An attentive RSS and Atom feed parser for Clojure. It's built on top of well-known and powerful ROME Tools Java library. Remus deals with weird encoding and non-standard XML tags. The library fetches as much information from a feed as possible.
- Gets all the known fields from a feed and turns them into plain Clojure data structures;
- relies on up-to-date ROME release;
- uses the power of clj-http client instead of deprecated ROME Fetcher;
- preserves all the non-standard XML tags for further processing (see example below).
Leiningen/Boot:
[remus "0.2.4"]
Clojure CLI/deps.edn
remus/remus {:mvn/version "0.2.4"}
The library provides a one-word top namespace remus
so it's easier to
remember.
(ns your.project
(:require [remus :refer [parse-url parse-file]]))
or:
(require '[remus :refer [parse-url parse-file]])
Let's parse Planet Clojure:
(def result (parse-url "http://planet.clojure.in/atom.xml"))
The variable result
is a map of two keys: :response
and :feed
. These are
an HTTP response and a parsed feed. Below, there is a truncated version of a
feed:
(def feed (:feed result))
(println feed)
;;;;
;; just a small subset
;;;;
{:description nil,
:feed-type "atom_1.0"
:entries
[{:description nil
:updated-date #inst "2018-08-13T10:00:00.000-00:00"
:extra {:tag :extra, :attrs nil, :content ()}
:title
"PurelyFunctional.tv Newsletter 287: DataScript, GraphQL, CRDTs"
:author "Eric Normand"
:link
"https://purelyfunctional.tv/issues/purelyfunctional-tv-newsletter-287-datascript-graphql-crdts/"

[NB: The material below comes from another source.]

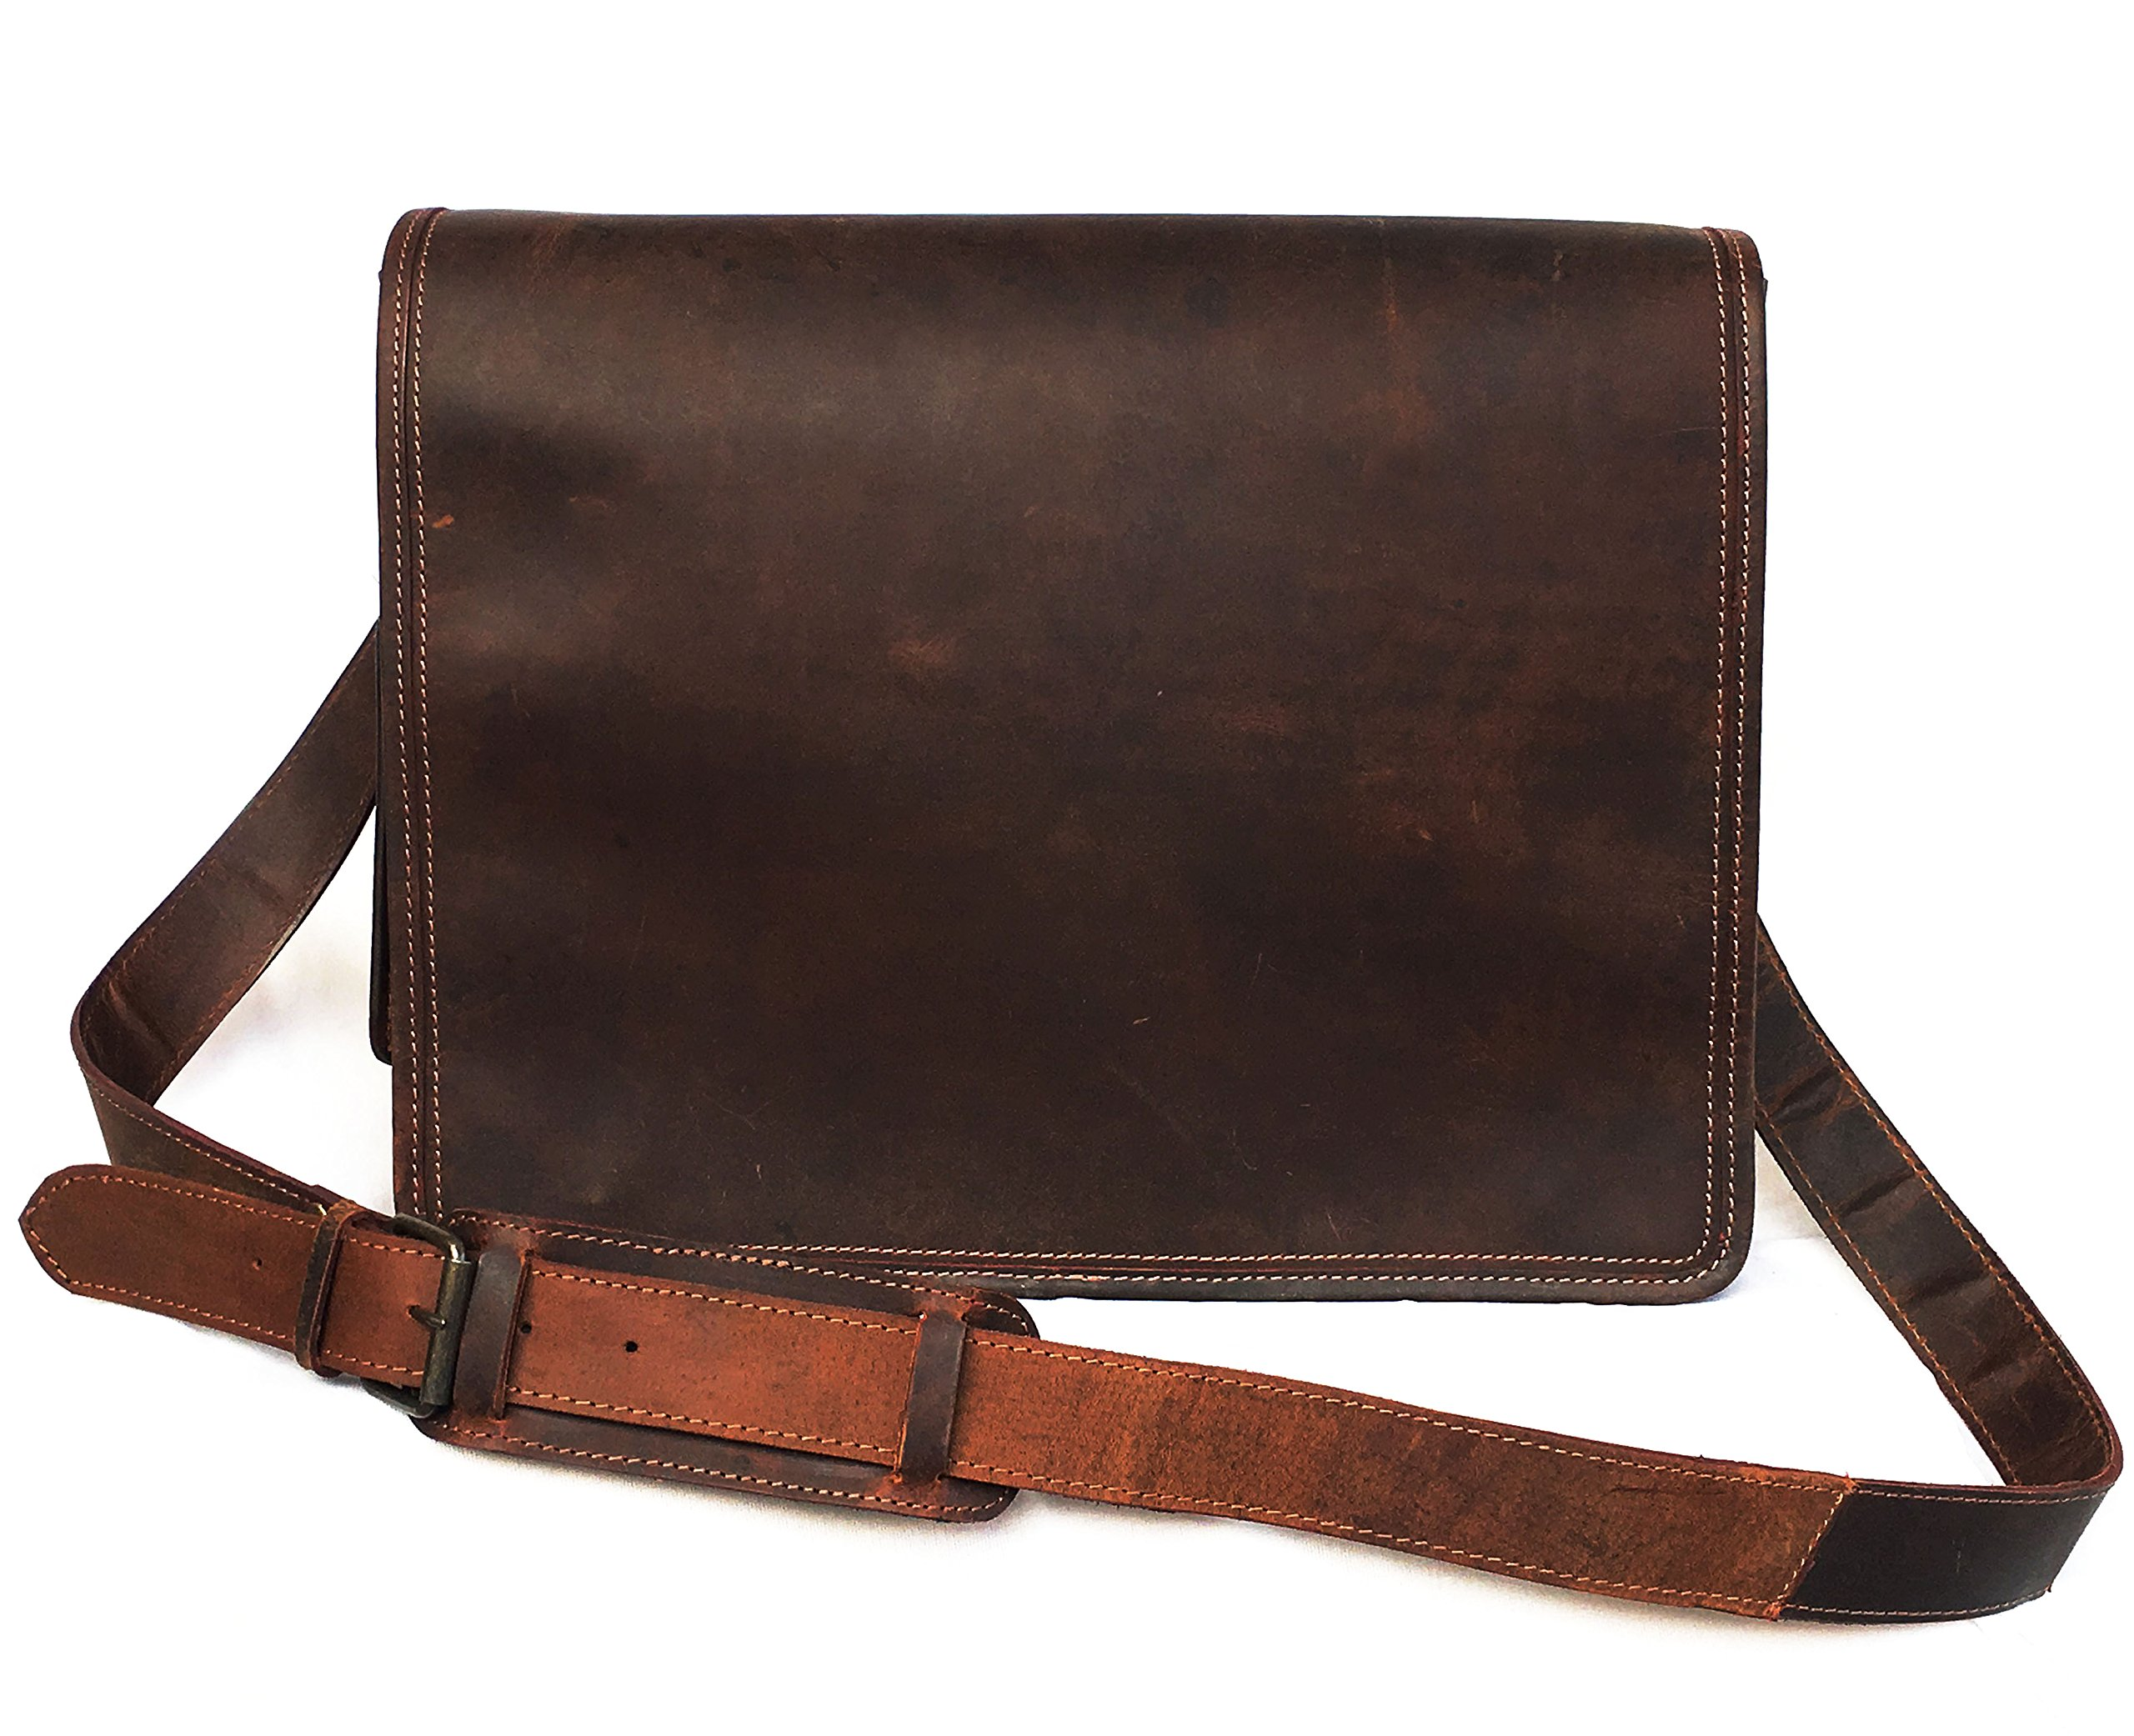 16 Inch Leather Vintage Rustic Crossbody Messenger Courier Satchel Bag Gift Men Women ~ Business Work Briefcase Carry Laptop Computer Book Handmade Rugged & Distressed By KK's Leather by kk's leather (Image #4)

:uri "https://purelyfunctional.tv/?p=28660"
:contents
({:type "html"
:mode nil
:value
"<div class=\" reset\">\n<p><em>Issue 287 August 13, 2018 <a href=\"https://purelyfunctional.tv/newsletter-archives/\">Archives</a> <a href=\"https://purelyfunctional.tv/newsletter/\" title=\"Thanks, Jeff!\">Subscribe</a></em></p>\n<p>Hi Clojurationists,</p>\n<p>I've just been digging <a href=\"https://twitter.com/puredanger/status/1028103654241443840\" title=\"\">this lovely tweet from Alex Miller</a>.</p>\n<p>Rock on!<br /><a href=\"http://twitter.com/ericnormand\">Eric Normand</a> <<a href=\"mailto: ... "}),
:published-date #inst "2018-08-13T11:59:11.000-00:00"
:entry-links
({:rel "alternate"
:href "http://planet.clojure.in/"
:length 0}
{:rel "self"
:href "http://planet.clojure.in/atom.xml",
:length 0})
:title "Planet Clojure"
:language nil
:link "http://planet.clojure.in/"
:uri "http://planet.clojure.in/atom.xml"
:authors ()}
As for HTTP response, it's the same data structure that
clj-http.client/response
function returns. You might need that data to save
some of the HTTP headers for further requests (see below).
(def feed (parse-file "/path/to/some/atom.xml"))
This function just returns a parsed feed.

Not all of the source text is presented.